Катя остановилась перед дверью, из-за которой доносились эти звуки, и нажала кнопку звонка. За дверью раздалось заливистое соловьиное щелканье, флейта взвизгнула и замолчала на середине сердитой реплики, и Алеша Степанцов открыл дверь, как всегда, даже и не подумав спросить, кто там, или хотя бы посмотреть в глазок.
Он остановился на пороге, близоруко щурясь — в последние годы у него сильно ухудшилось зрение, — по-прежнему ангелоподобный, длинноволосый, просто мечта любого гомосексуалиста (Кате, между прочим, порой казалось, что так оно и есть на самом деле).
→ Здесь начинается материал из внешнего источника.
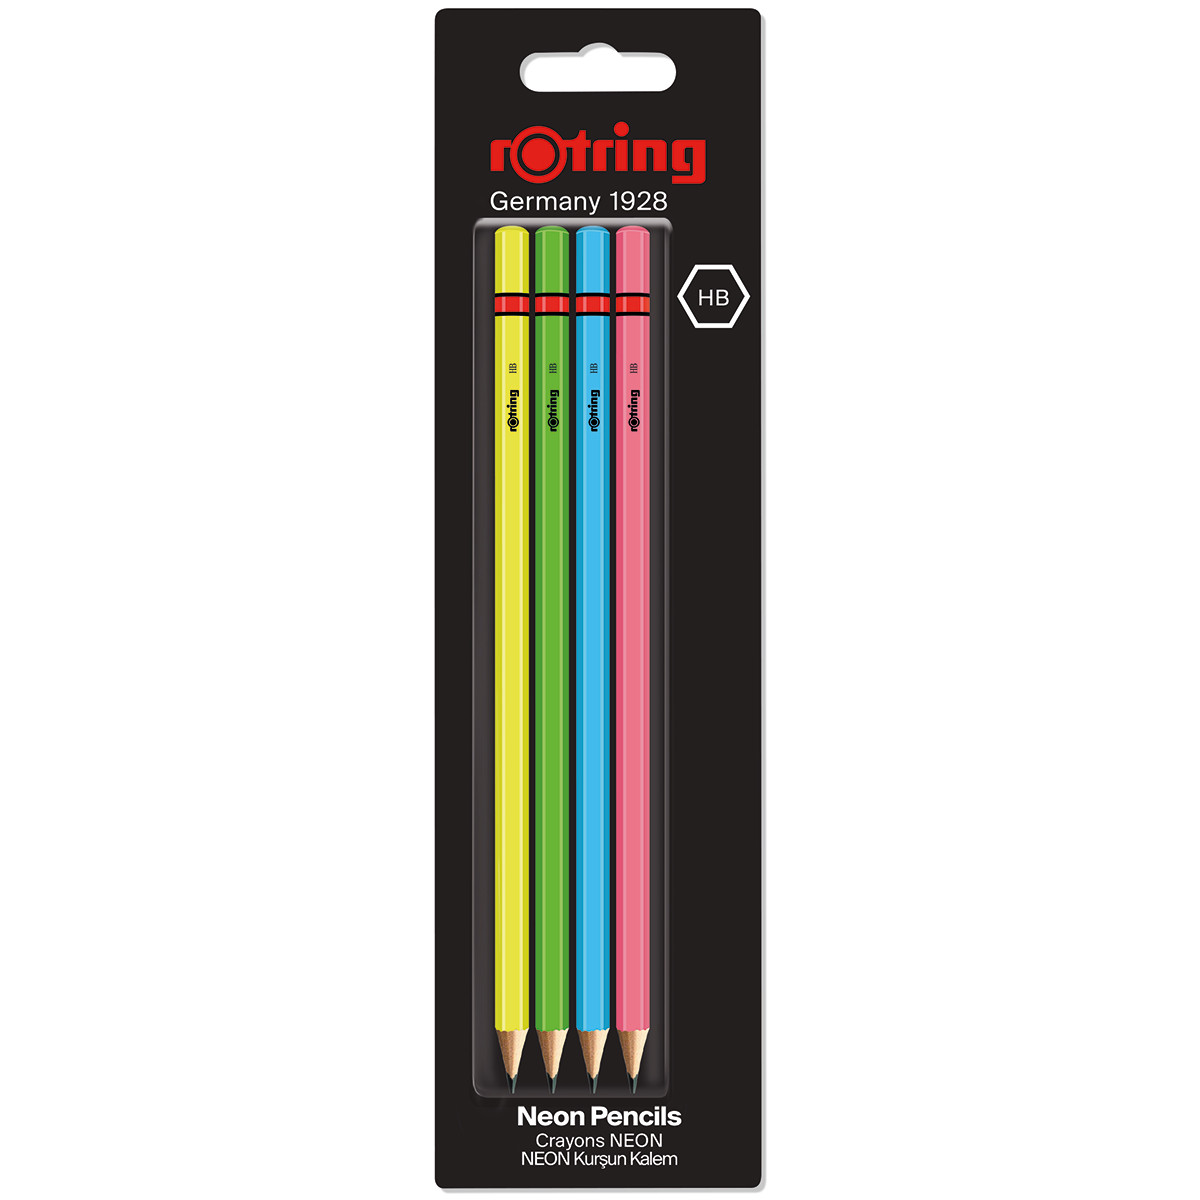 Rotring Woodcase pencil - Assorted Neon Colours - HB (Blister of 4)
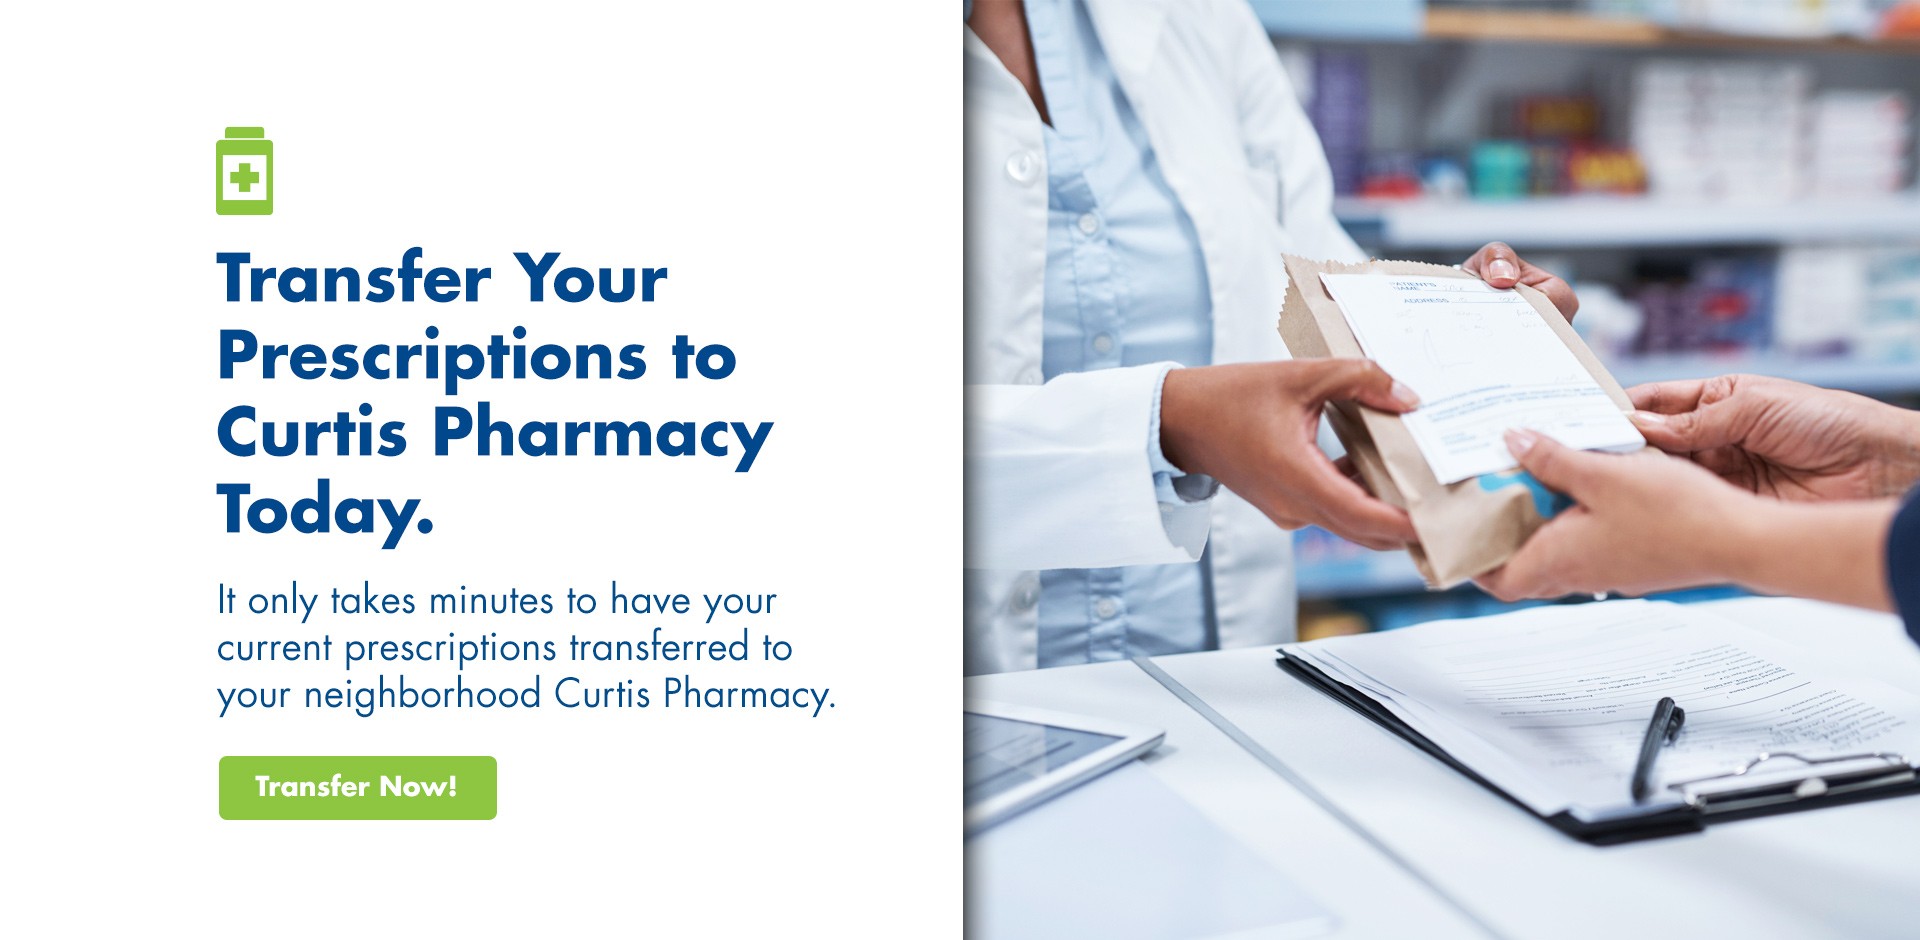 Transfer Your Prescriptions to Curtis Pharmacy Today.

Одет он был по обыкновению в сильно растянутый свитер без ворота и разваливающиеся от старости, но очень чистые джинсы. Флейта, конечно же, тоже была здесь: торчала у него из под мышки, как градусник.
— Привет, — сказала Катя.
— А, Катюша, — узнав, сказал он без удивления. — Заходи. Чаю выпьешь?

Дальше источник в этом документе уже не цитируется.